O art.º 188.º, n.º 1, do Código da Estrada, determina que o procedimento por contraordenação rodoviária extingue-se por efeito da prescrição logo que, sobre a prática da contraordenação, tenham decorrido dois anos.
O n.º 2 do mesmo artigo determina que a prescrição do procedimento por contraordenação rodoviária interrompe-se também com a notificação ao arguido da decisão condenatória, o que ocorreu no dia 14 de Agosto de 2019.

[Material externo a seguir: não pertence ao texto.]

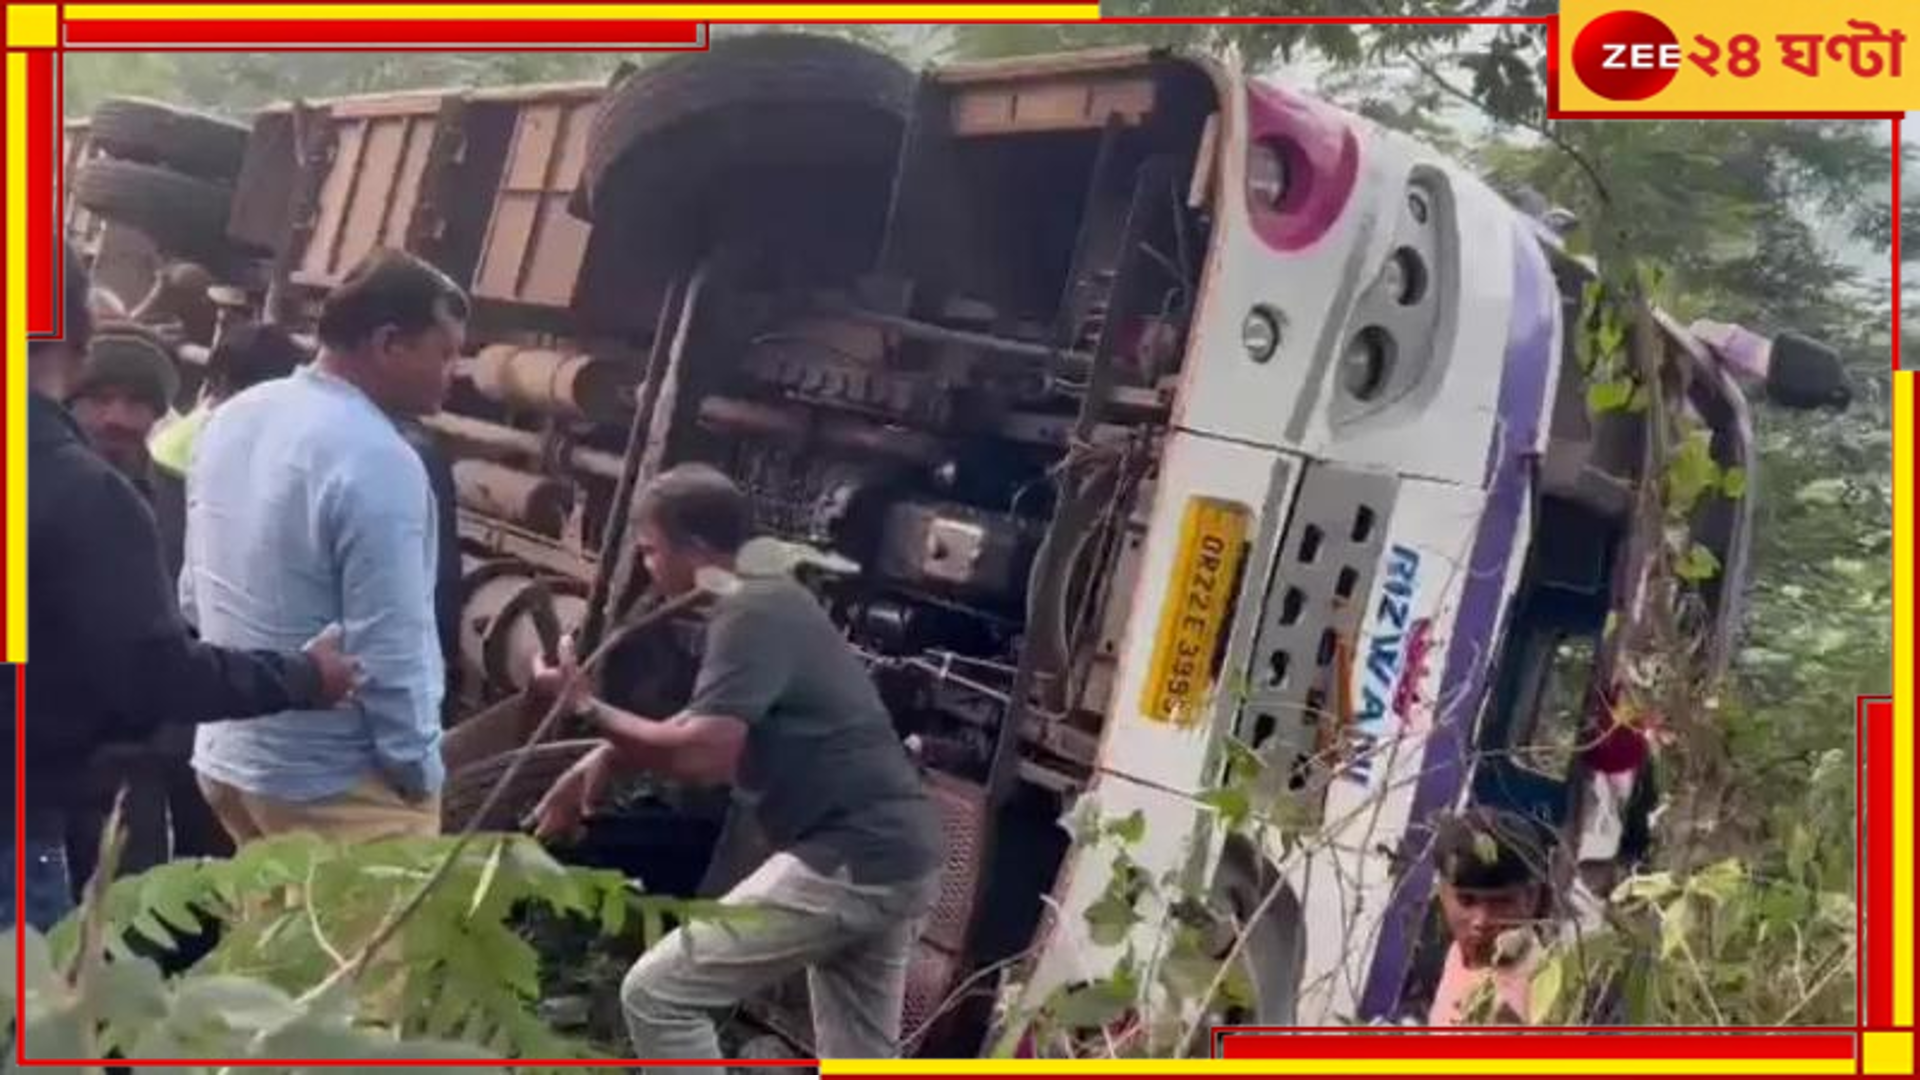 Odisha Bus Accident: সেতু থেকে পড়ল কলকাতাগামী যাত্রীবাহী বাস, ভয়ংকর দুর্ঘটনায় জখম ৪৪

Depois de cada interrupção começa a correr novo prazo de prescrição – art.º 121.º, n.º 2, do Código Penal, aplicável por força dos artigos 32.º do Decreto-Lei n.º n.º 433/82, de 27.10 (RJIMOS) e 188.º, n.º 2, primeira parte, do Código da Estrada.
A lei n.º 1-A/2020, de 19 de Março, que introduziu medidas excecionais e temporárias de resposta à situação epidemiológica provocada pelo coronavírus SARS-CoV-2 e da doença COVID-19, veio, no seu art.º 7.º, n.ºs 3 e 4, versão primitiva, determinar que a situação excecional constitui igualmente causa de suspensão dos prazos de prescrição e de caducidade relativos a todos os tipos de processos e procedimentos, regime que prevalece sobre quaisquer regimes que estabeleçam prazos máximos imperativos de prescrição ou caducidade, sendo os mesmos alargados pelo período de tempo em que vigorar a situação excecional.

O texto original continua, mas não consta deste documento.